Ca redonne la pêche, parce qu'après 3 ans de lutte face au monstre Unilever les Fralib tiennent toujours, et en plus ils gagnent.
Oui, ils gagnent judiciairement tous les procès contre Unilever et son « plan social ». Unilever est dans l’illégalité comme en témoigne le dernier arrêt de la cour de Cassation rejetant son pourvoi. Les licenciements sont déclarés illégaux, les salariés sont dans leur bon droit.
Ils gagnent la bataille de la solidarité et du soutien, la population est à leurs côtés ; ce qui incite les collectivités territoriales à prendre leur responsabilité : ainsi, les machines et le terrain sont la propriété collective de la Communauté urbaine. Conseil régional et Conseil général continuent à apporter leur soutien. Il doit s'amplifier, il peut s'amplifier si le gouvernement prend ses responsabilités.
Les Fralib gagnent aussi la bataille de l’opinion : on produit aujourd’hui autrement, sans pesticide, sans colorant, en respectant les conditions de travail de celles et ceux qui fournissent les produits, en prévoyant des salaires dignes pour tous. Sans les profits donnés aux actionnaires d’Unilever, tout devient possible !
Tout est réuni faire plier Unilever, il ne manque que la volonté politique du gouvernement pour dire : « ça suffit ! nous réquisitionnons l’entreprise, la marque et nous les donnons à la SCOP ».
Une telle décision aurait le soutien de tous ceux qui ont voté à gauche, ce serait un signal pour nombre d’entreprises en lutte.

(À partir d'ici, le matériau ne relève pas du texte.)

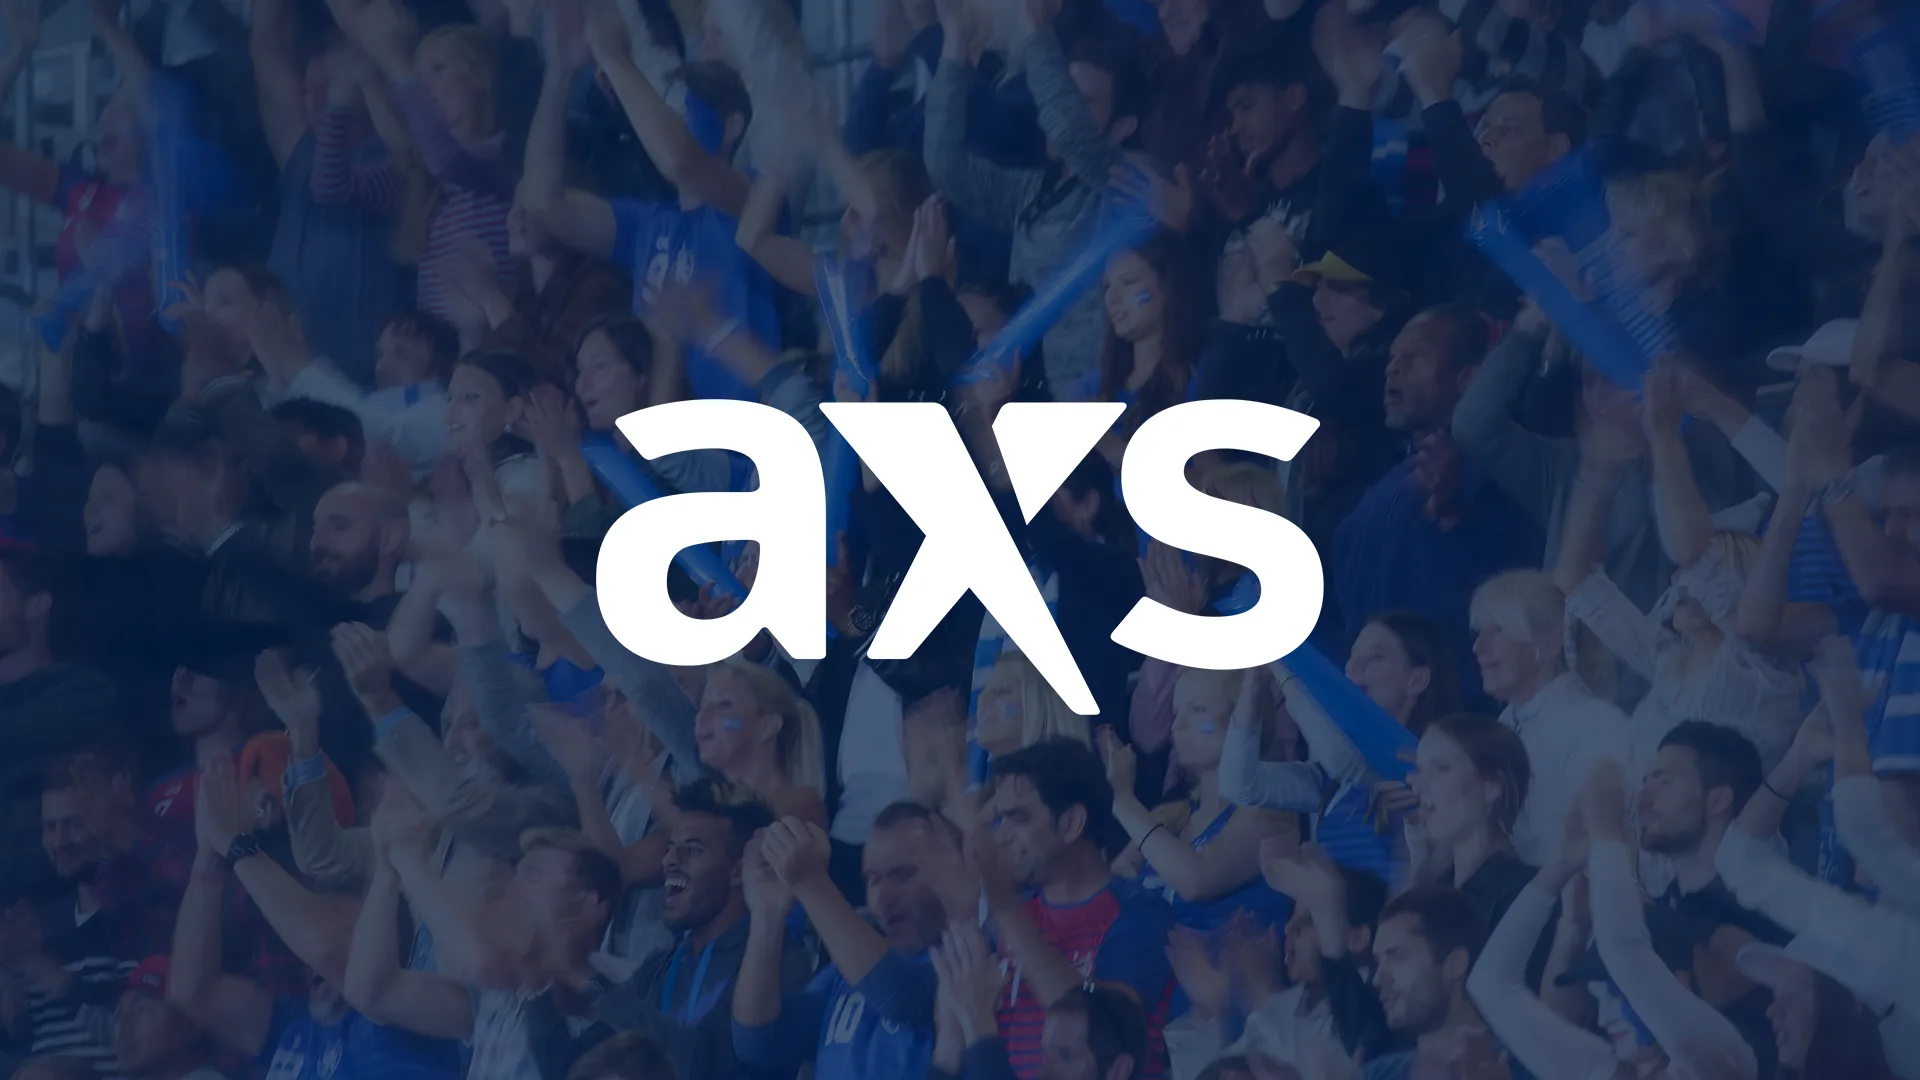 AXS logo over background photo of sporting event crowd
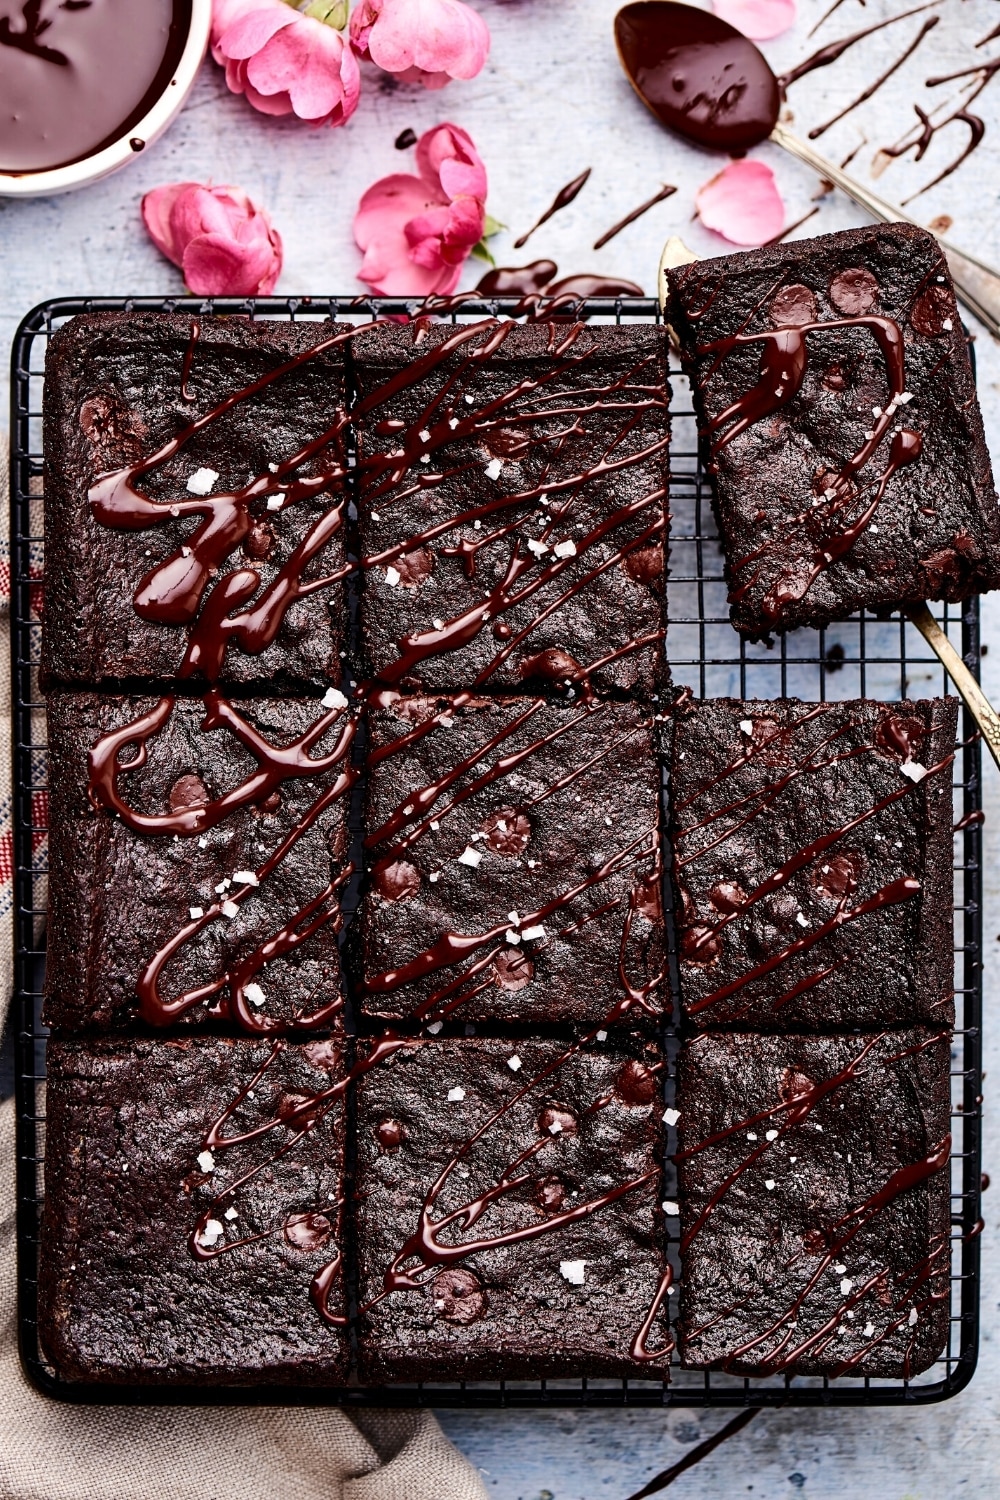 Three rows of three brownies on a wire rack on a gray counter. The top right Brownie is being pulled away from the rest of them with a spatula.

Unilever a fait 5 milliards de bénéfices en 2012, soit une progression de 10%. L'entreprise n'est pas « fragile », le problème n’est donc pas économique : il est bel et bien politique : il s'agit de s’affronter aux multinationales, de s’affronter au patronat.
Le gouvernement détient donc la clef pour imposer à Unilever de s’asseoir autour d’une table de négociation, pour trouver une issue positive pour les salariés de Fralib, pour que la scop vive.
Gagner aujourd’hui à Fralib, c’est possible, c’est urgent !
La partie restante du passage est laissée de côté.